As I mentioned when I posted the Cornish Splits recipe, Scones are a relatively recent arrival. Nowadays scones are advertised as part of a “Traditional Cornish Cream Tea”, but we know that that is not the truth. Splits were used for that. I will be blunt now, and those of you that know me, know that I rarely mince my words when my dander is up!!!  Shop bought scones are “orrible”.!!!! There I have said it! and riled a lot of folk. BUT if you have ever tasted a home made scone, just cooled from the oven, then you will know that I speak the truth. Scones start to harden and deteriorate very quickly and should be eaten within a few short hours, 2 or 3 at the most. I freeze mine immediately they are cold, then microwave for a couple of minutes. They come out just as if they just came out of the oven. Beautiful little clouds of 'eaven, as my dear cousin Judy says!!!

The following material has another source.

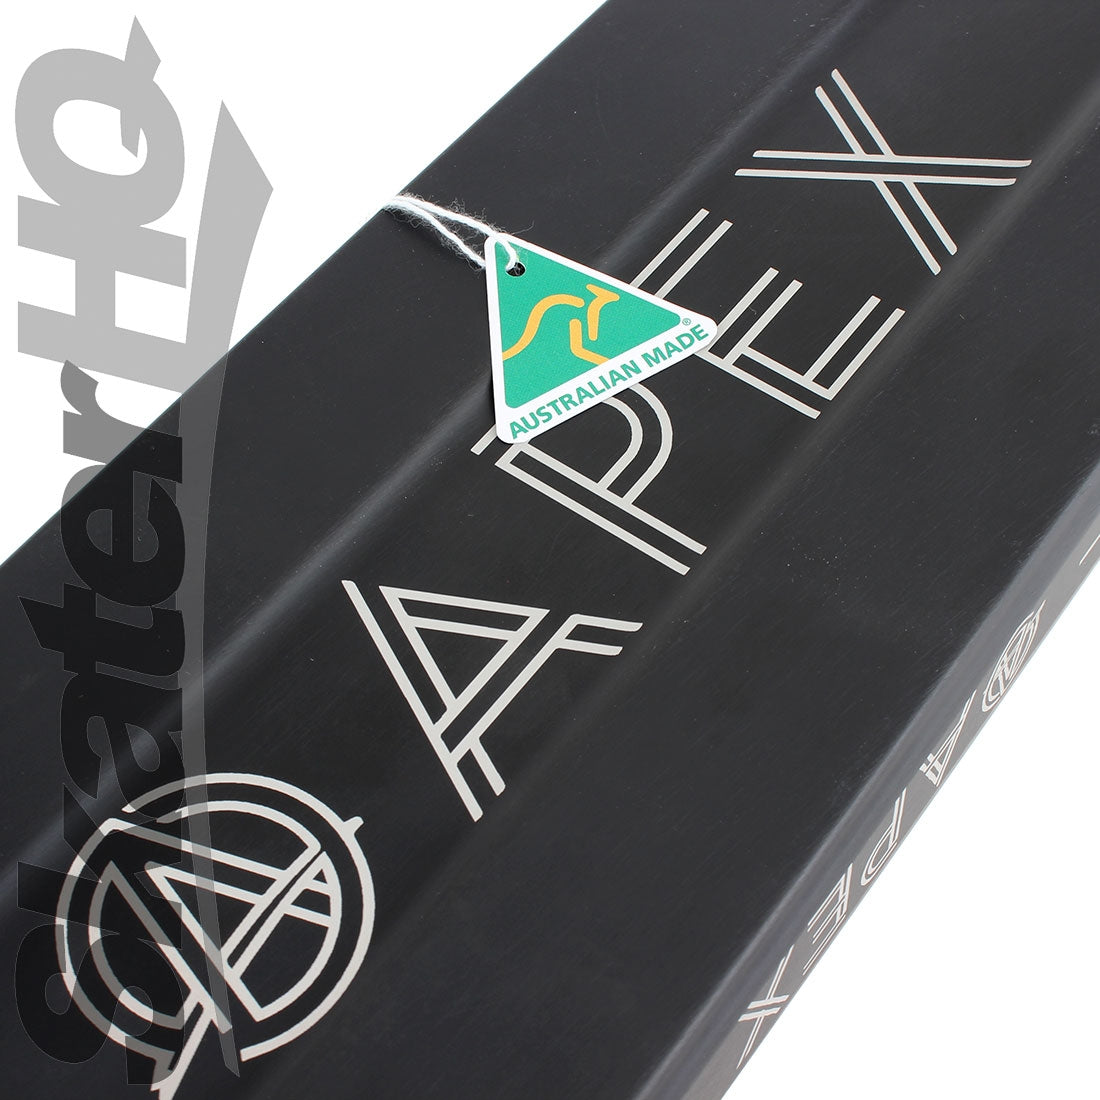 Apex 5inch 600mm Boxed Deck - Black Scooter Decks

To make about 18 little sweet clouds:

1½ lb Self Raising Flour
½ teaspoon Salt
½ teaspoon Baking Powder
4 oz butter at room temperature [NOT marg]
4 oz castor sugar
tub Buttermilk [250 ml] about 8 fluid oz
more milk, to make up to 13 - 14 fluid oz.

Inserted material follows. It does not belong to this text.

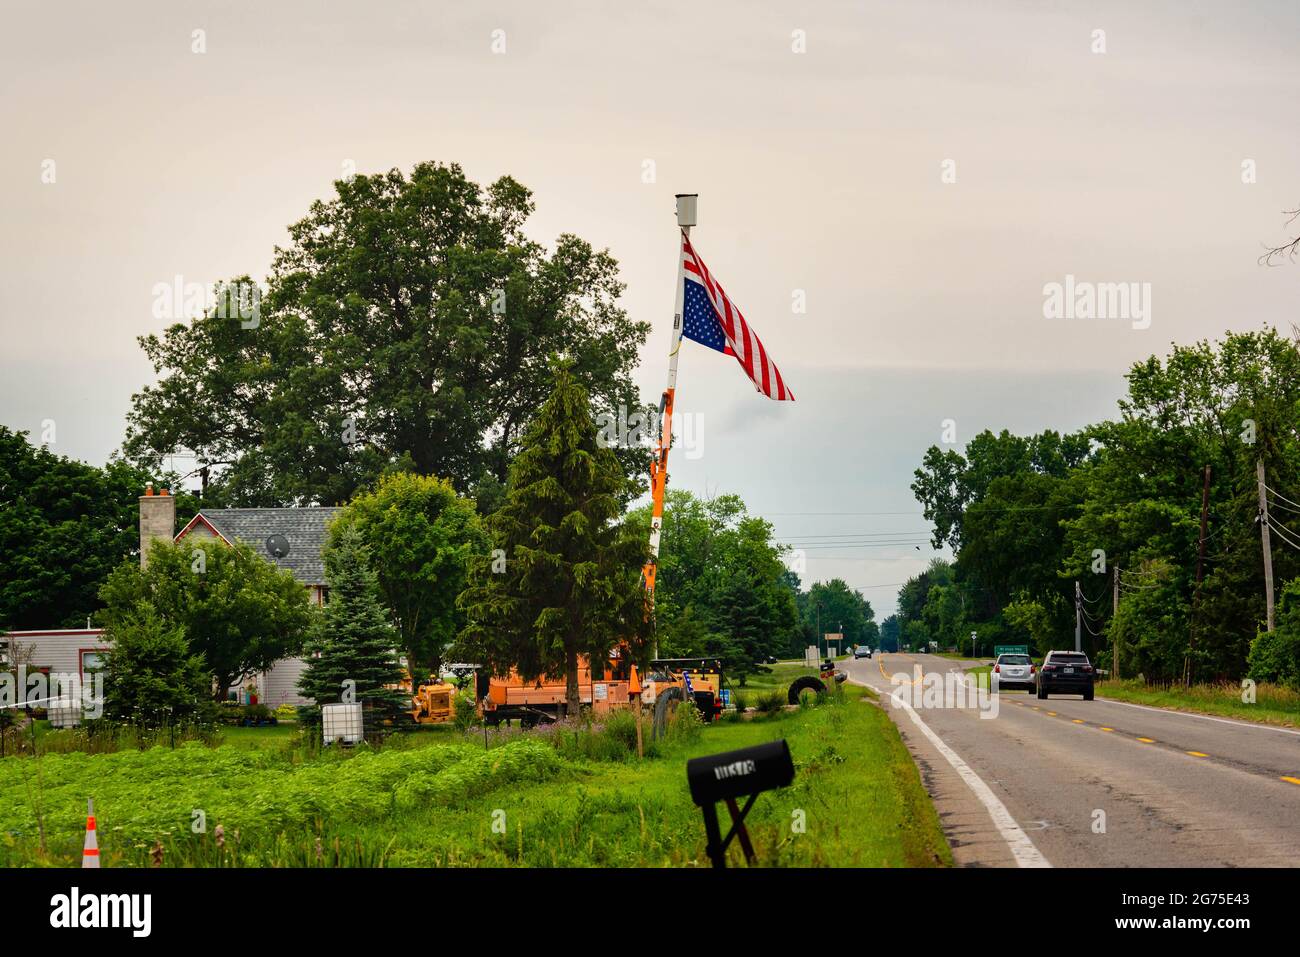 GRAND LEDGE, MI - July 11TH: Flying upside down American flag as a sign of distress in Grand Ledge on July 11th, 2021. Stock Photo

Sieve the flour into a large bowl, along with the salt and BP. Rub in the butter until resembling very fine breadcrumbs, lifting the flour with each rubbing, putting as much air as possible into the mix. Add the sugar, mix, then make a well in the centre.

Empty the buttermilk into a jug and top it up to about 14 fl oz. with ordinary milk, whole if possible, but semi skimmed is fine. [all buttermilk is good too, but I like half and half]

Bring it all together, using almost all the milk and adding the last oz if you need it. Then tip out onto a floured surface and gently knead until smooth. The less you handle the mixture, the lighter it will be. Roll out evenly to about ¾ of an inch think. I use a 2 ½ inch cutter [makes 18] but smaller or bigger is just fine. Cut out your scones and place on a lightly greased baking tray. After the first cut, gather up the bits carefully and re roll. You can brush the top with milk but I never do. Place in a hot, preheated oven 210 deg C for about 12 - 15 mins according to size.

Cool on a rack. Split open and spread with jam, then clotted cream on top.
These days it is “traditional” to use Strawberry Jam. But in our forebears time jam was made with fruit that was free or in gardens. Mostly Blackberry would have been used. You may add some dried fruit if you wish, but only if you are buttering them, do NOT mix fruit and jam and cream
In a few weeks I will make some savoury scones.